Is Numan, as Numan, really playing the role of Vera Lynn for an old man? In his autobiography he says:

'"War Songs" was a fairly light hearted look at being famous for a change. I'd gone through the paranoid, bitter introspective period by now and I was beginning to get used to the job ... I was finally beginning that difficult transition from boy to man, a few years too late of course, but better late than never.'

As usual with Numan's comments on his own songs this isn't very helpful. Numan maintains that the wooden, android image of The Machine Quartet days and the great Living Ornaments concerts resulted from the fact that he was almost paralysed with stage fright. His movements in the later concerts are certainly much more relaxed and fluid (and correspondingly less interesting). According to Paul Sutton:

'On the eve of the ending of the Machine Music part of his career, Gary Numan released Living Ornaments, two albums of recordings of Hammersmith Odeon concerts from The Touring Principle of 1979 and the Teletour of 1980. They are important evidence of a British artist in his prime. Numan, exhibiting all the hallmarks of a sort of nervous breakdown, in that his judgment was so clouded by emotion that it was badly effecting his career, particularly in regard to his employers and the promoters, insisted that the recordings were deleted four weeks after they went on sale.

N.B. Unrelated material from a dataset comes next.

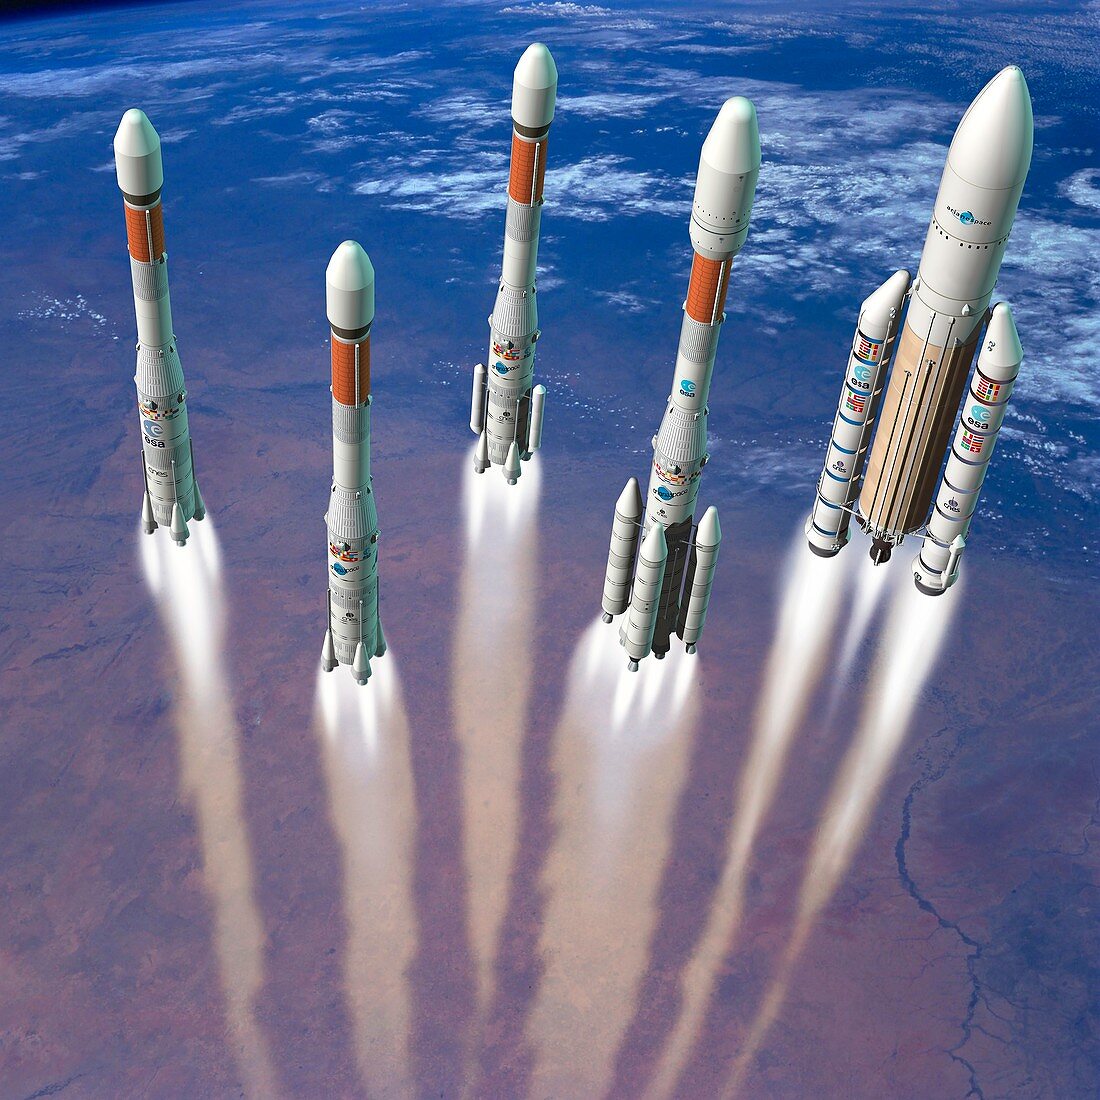 Ariane rockets, illustration

When questioned about that strange decision on Studio 815 on BBC Radio 1, the day before the Wembley concerts [the utterly transcendental concerts Numan declared at the time were the last he would ever do - PB] Numan said: "I want this image done. I want it finished. And I want it ended now. I want these albums out for Wembley and I don't want it to drag on. As far as I'm concerned it's over.' (2)

(2) I, Assassin has as a bonus track a song called 'War Games'. It would be difficult to give a coherent account of it but with lines like 'I'll stay now/Nothing's forever/This time there's no goodbye ... I won't change again/One of these days/I'll love it all and sleep/You are slow poison young friend' it could be written in the voice of an old man headed towards death.